Жена перестала кричать и принялась плакать, но нельзя же слушать всех, кто плачет в этом мире; теперь точно пора идти: он закрывает за собой дверь, плач продолжается, но думать об этом уже поздно. Поздно – он не чувствует даже того самого едва ощутимого укола совести, который раньше подсказывал ему, что он сделал что-то плохое. Рюкзак стоит в коридоре, готовый к взлету, и он отпускает его в полет: ведь рюкзаку можно все, рюкзаки не плачут, не надоедают криками, когда так хочется услышать пение вселенной; с рюкзаком можно поговорить по душам, ему нет дела до того, холоден ты или горяч; и теперь они пойдут по жизни вместе – рюкзак и Отто У. Уилсон – пойдут по длинным улицам, блестящим от дождя и одиночества, и он хорошо знает, что все это происходит в последний раз, как будто он страдает от неизлечимого заболевания, а может быть – от неизлечимого здоровья, что по сути одно и то же.
Уже сейчас, прислонившись к стволу тополя и прикрыв глаза от капель дождя и порывов ветра, он идет по пустынной дороге прямо в одиночество: она похожа на железнодорожные пути без рельсов – глубокая колея, из которой доносятся стоны, вырываются языки пламени; кого-то раздавило, но колеса катятся себе дальше, тяжело и непреклонно, зарываются шипами в глину, вода медленно поднимается, затапливая следы лошадиных копыт; когда колея пересекает пустыню, песок дымится от жары, когда колея пересекает зимние равнины, из снега раздаются пронзительные крики; многие падают навзничь, думая, что напились в стельку, и в момент смерти им снится сон о том, что колея – это бревно, плывущее рядом с ними: стоит только схватиться за него – и ты спасен; и они хватаются, цепляются пальцами, но тут по колее катятся новые колеса и раздавливают пальцы без малейших угрызений совести, и тогда, обливаясь потом, появляется Отто У. Уилсон. Он бежит вприпрыжку, чтобы не отстать, наступает то на чью-то печень, то на почку, то на живот, потому что времени в обрез, а они ведь все равно умирают, да еще и улеглись именно там, где на них просто невозможно не наступить, если ты намерен идти вперед – а ты, конечно, намерен, твердо намерен дойти до конца колеи, до того места, где она вдруг покидает нашу бренную землю и словно радуга устремляется в просторы вселенной, поющей от одиночества вселенной.

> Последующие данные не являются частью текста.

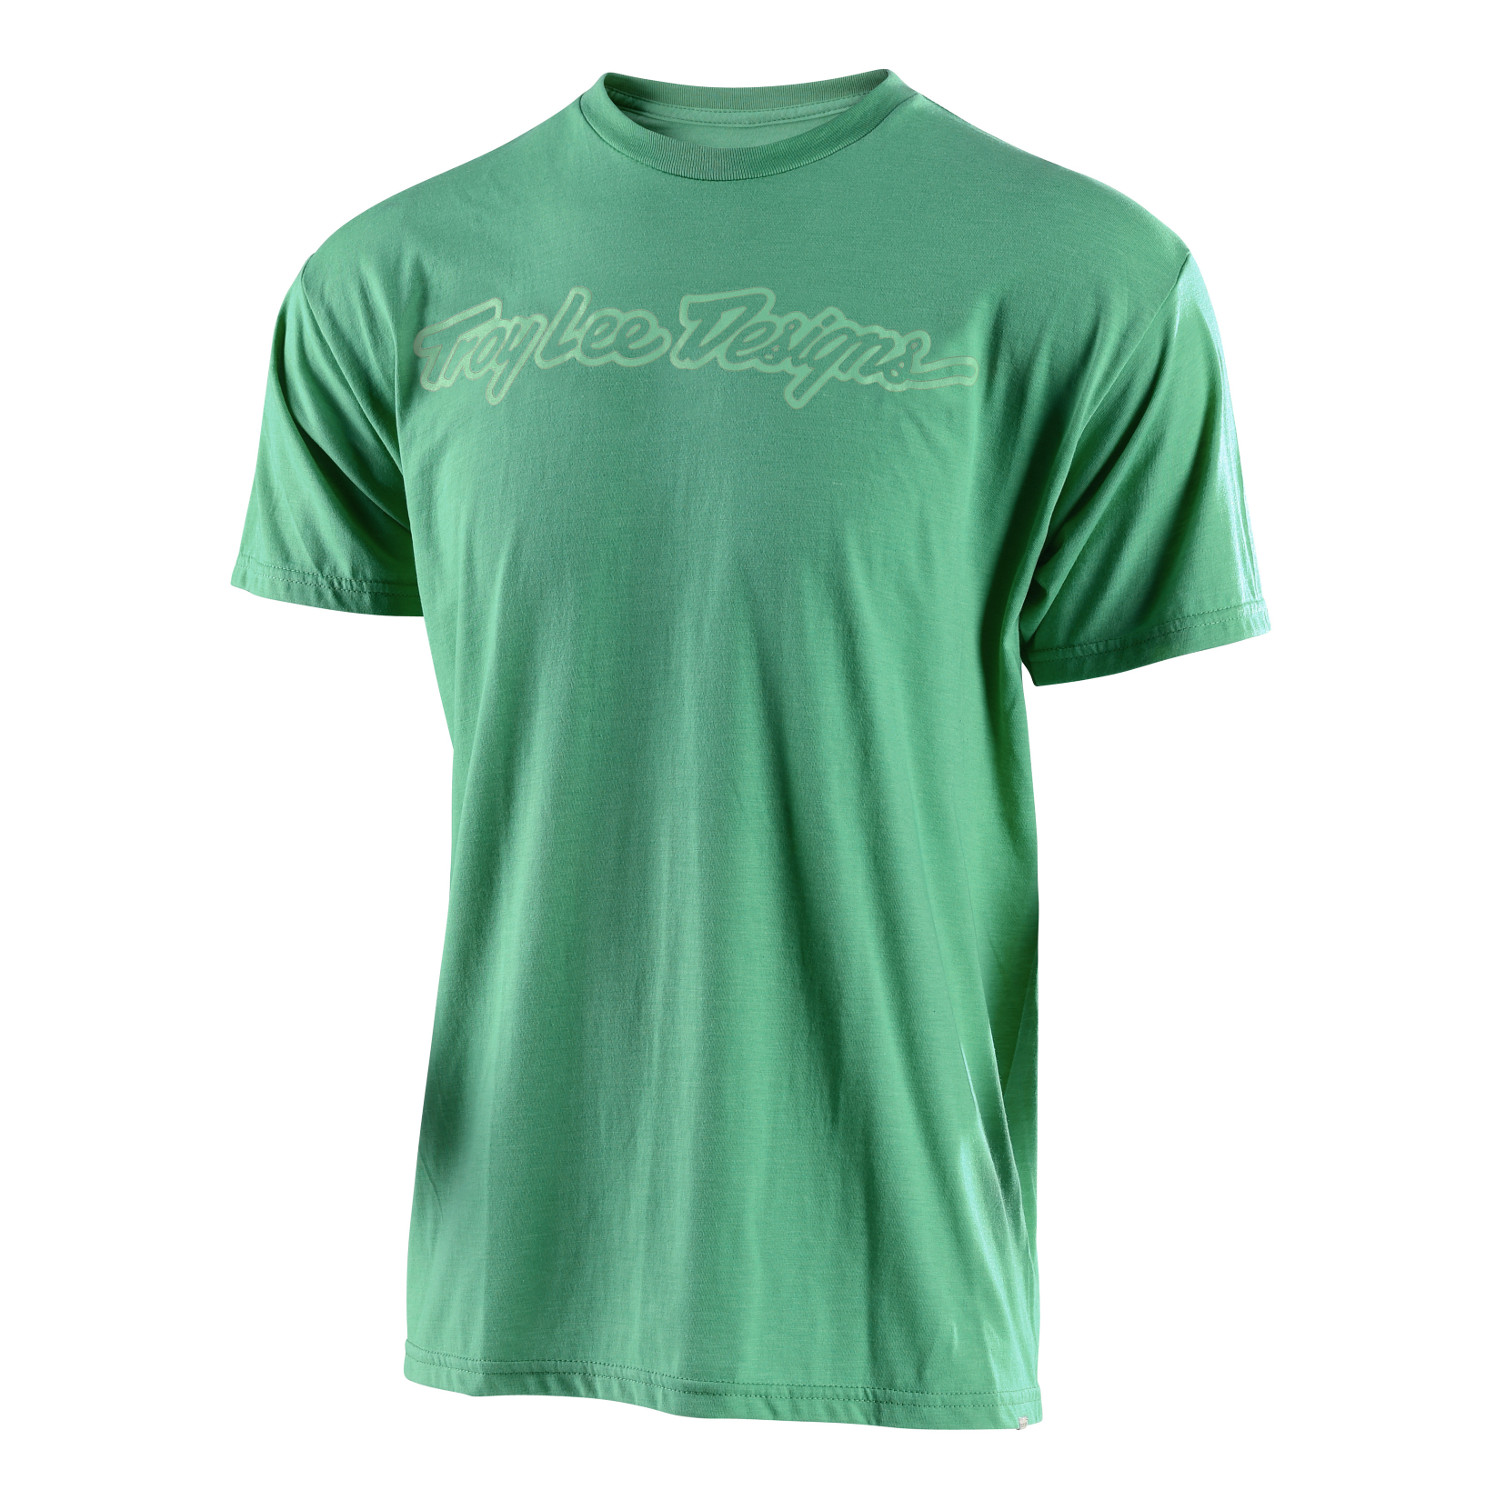 Troy Lee Designs T-Shirt Signature Grün meliert/Mint

Сигареты, одна за другой, с шипением падают на медленно светлеющий асфальт, а колея уходит все дальше и дальше – такая удобная, такая прямая, полная ненависти и проклятий; он никогда ее не предаст, он будет любить свою колею со всей ненавистью и любовью, будет топтать любого, кто осмелится испортить ее, кто осмелится испоганить ее запахом гниющего тела; обливаясь потом, он будет бежать по скрипящему под ногами снегу, по дымящемуся песку, по чавкающей глине, по истекающим кровью пашням и станет рядовым, потом капралом, потом сержантом, лейтенантом, капитаном, и колея никогда не предаст его. Он будет верен выбранной колее. Он всегда будет верен своему одиночеству и неверен всему остальному.
Незадолго до рассвета Уилсон поднимается на второй этаж небольшого сырого домика на сваях, у самой воды. Девушка тут же бросается на стоящую в алькове кровать, но он говорит ей:
– Ни на что не рассчитывай.
– Женщины моей профессии привыкли ни на что не рассчитывать, – говорит она. – Но, может, все-таки снимешь рюкзак?

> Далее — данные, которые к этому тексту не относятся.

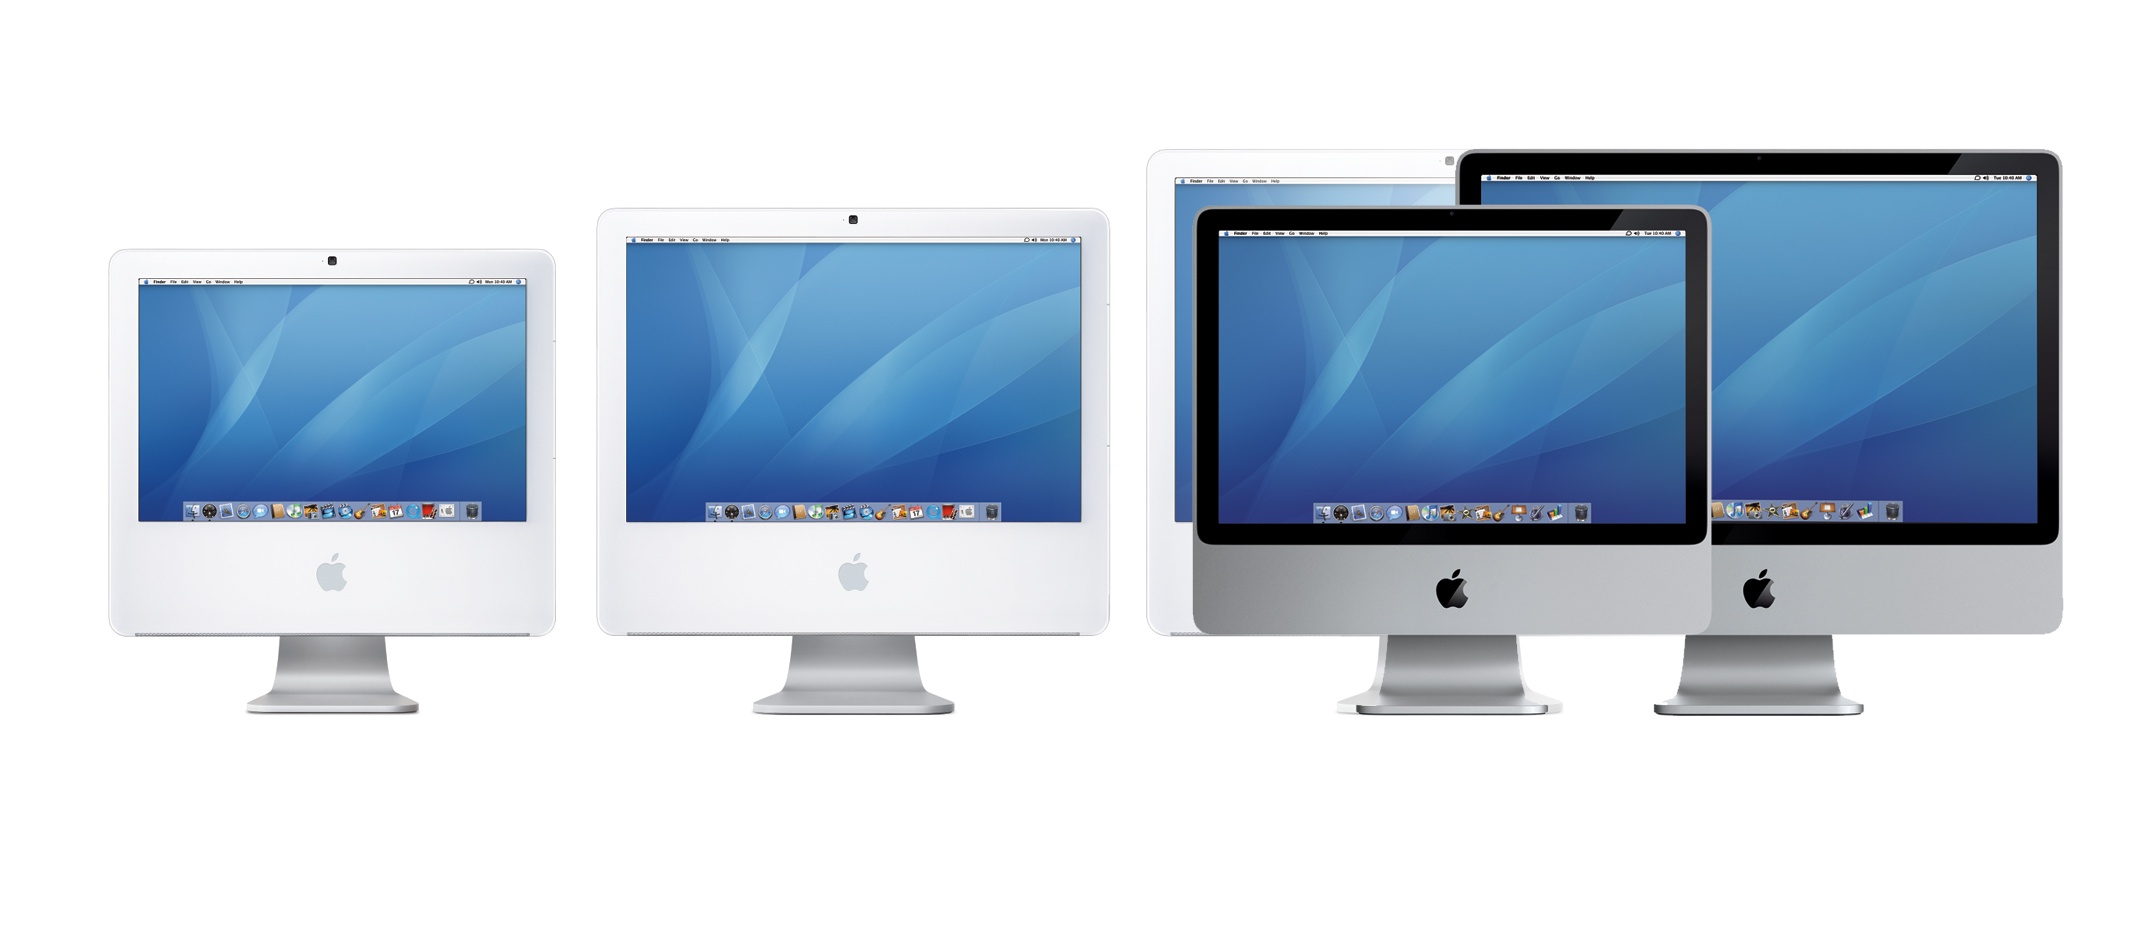 Late 2006 vs. Mid 2007 iMacs

Успокоившись, он снимает рюкзак, садится на край кровати и замечает, что девушка – голая, но при этом почему-то меньше похожа на шлюху, чем его жена.

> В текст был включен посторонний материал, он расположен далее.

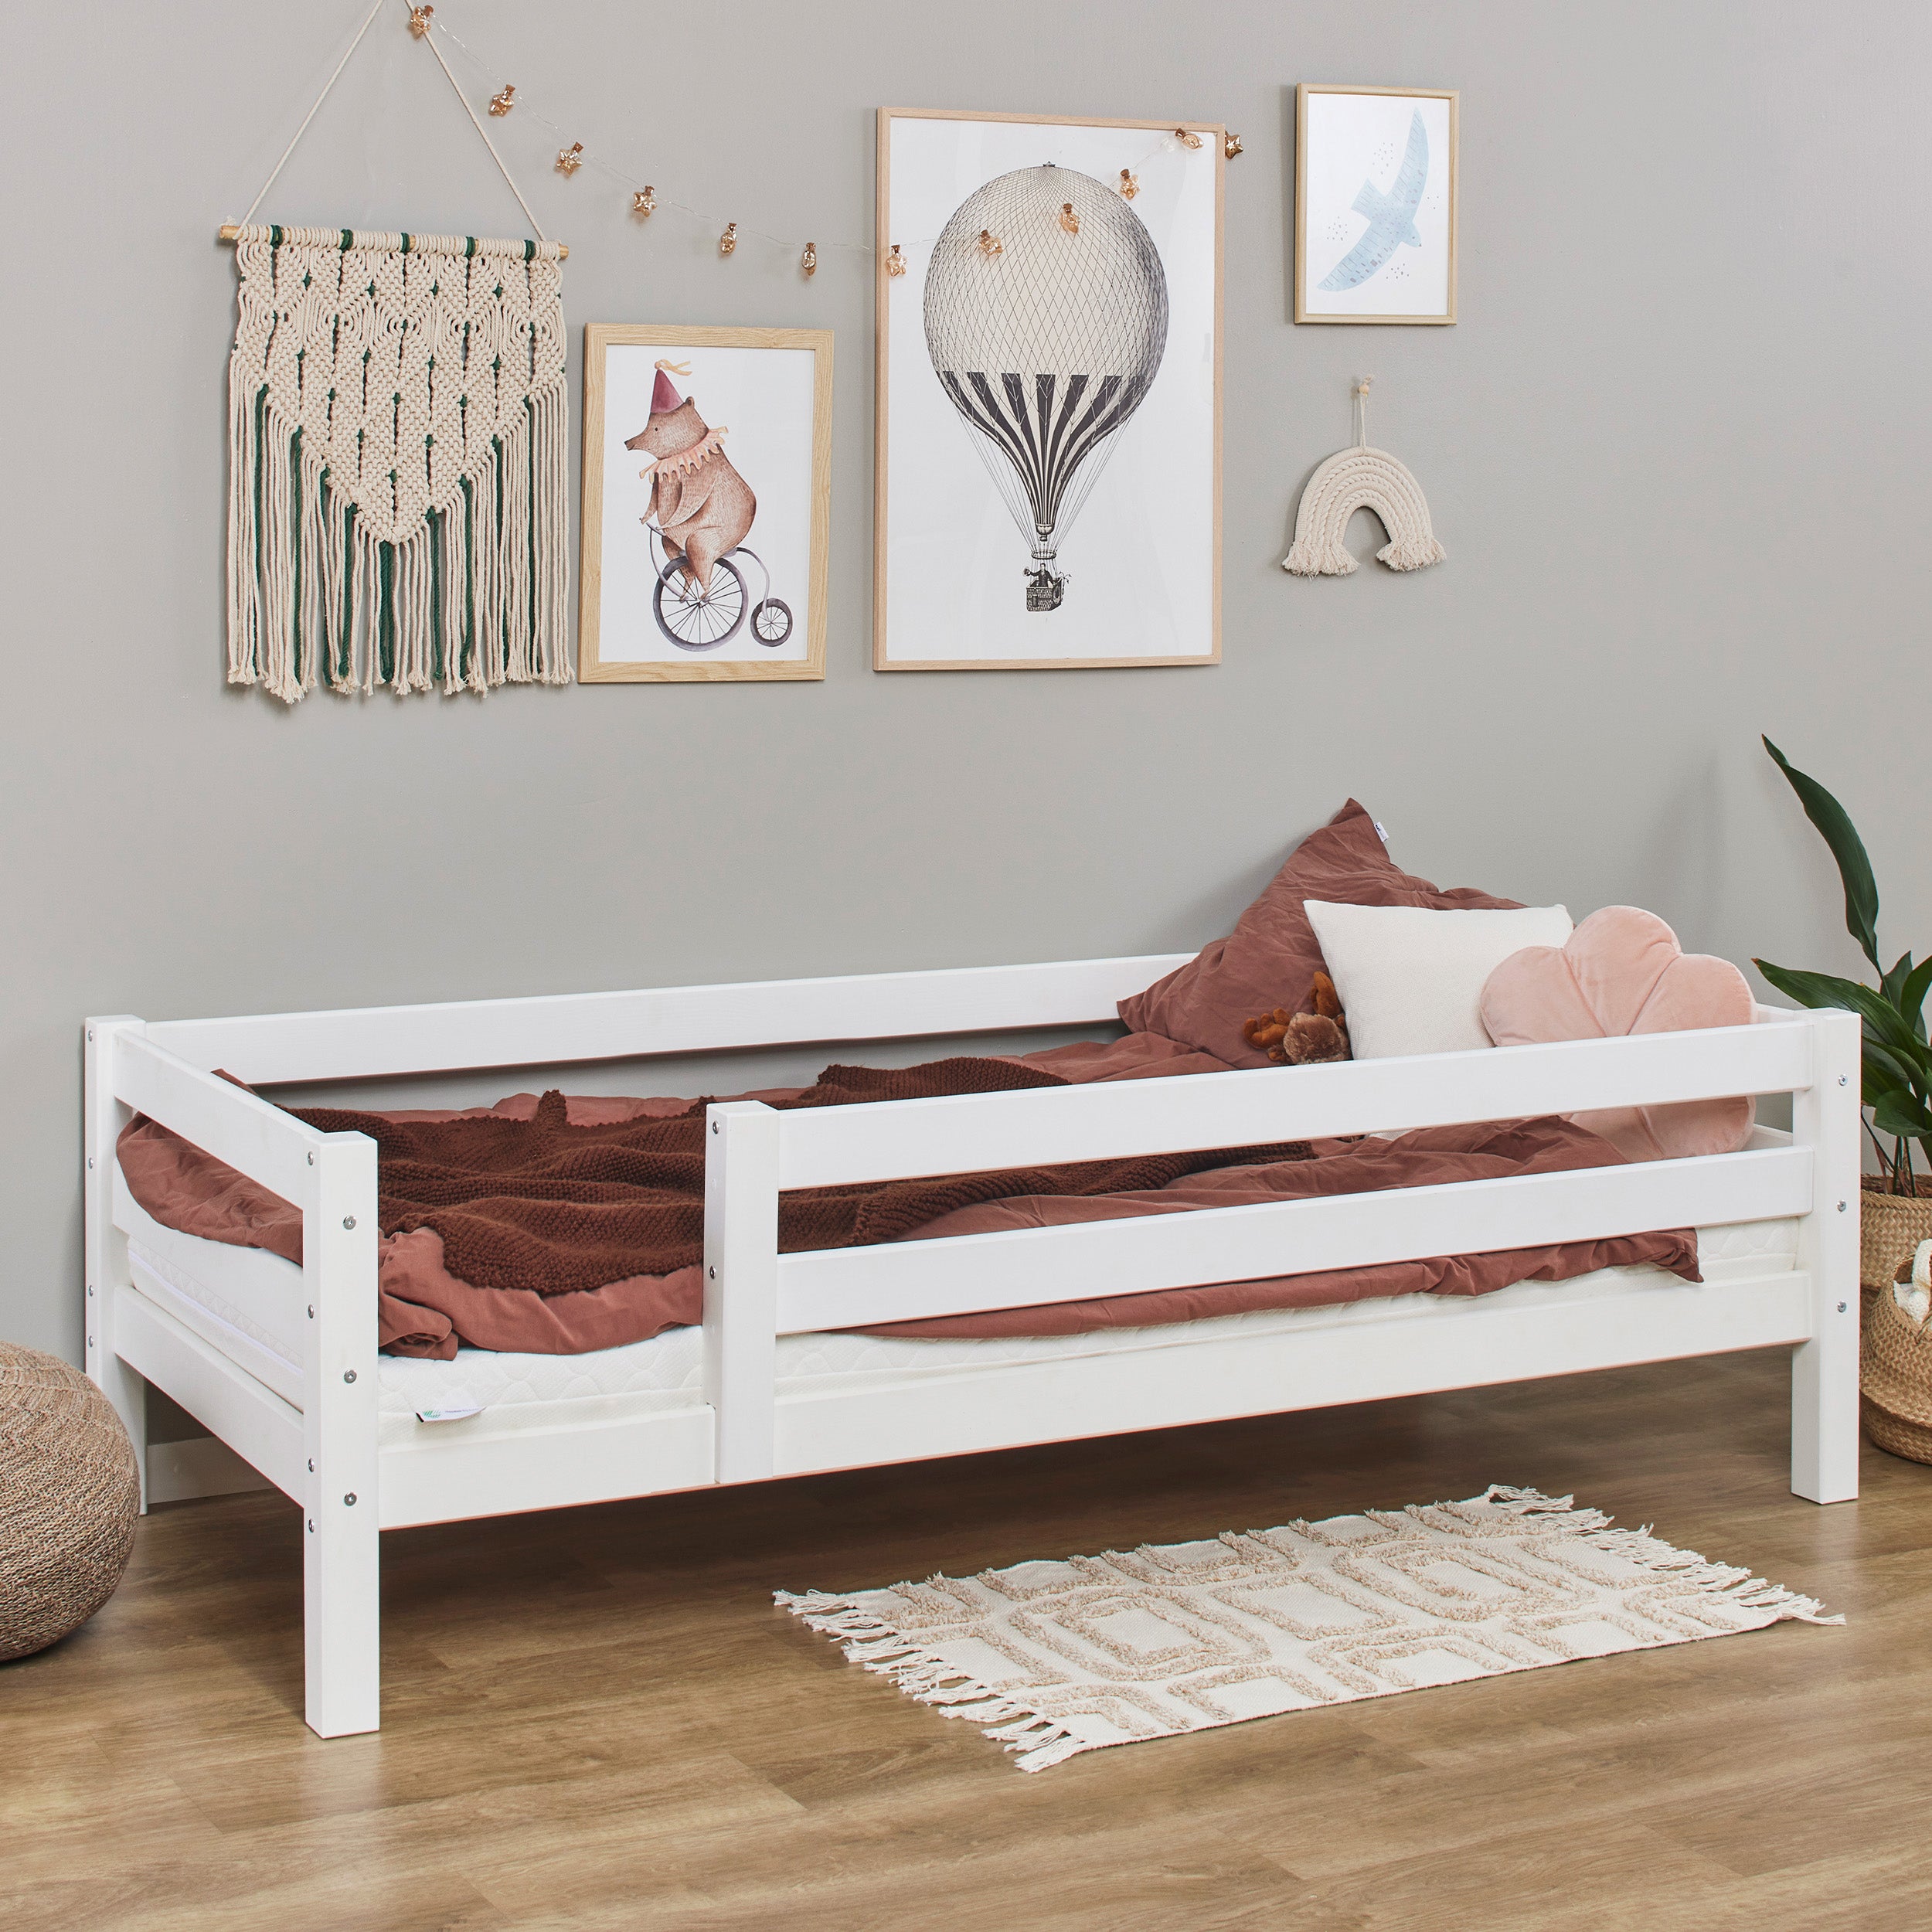 Hoppekids ECO Luxury Toddler Bed

– Зря ты разделась, – замечает он, – мне надо просто поговорить, немного поговорить с тобой.
– Go on[2], – отзывается она, прикрывая глаза.
– Почему ты закрываешь глаза?
– Не хочется видеть тебя голым.
– А тебе бывает по-настоящему одиноко?
– Женщины моей профессии никогда не бывают в одиночестве.
– О, – говорит он и тут же отдаляется, а тело остается сидеть, где сидело, чувствуя запахи всех своих предшественников – пот, бутерброды и виски, – разменявших отчаяние на этой постели. – О, как я был одинок, как я был одинок и счастлив!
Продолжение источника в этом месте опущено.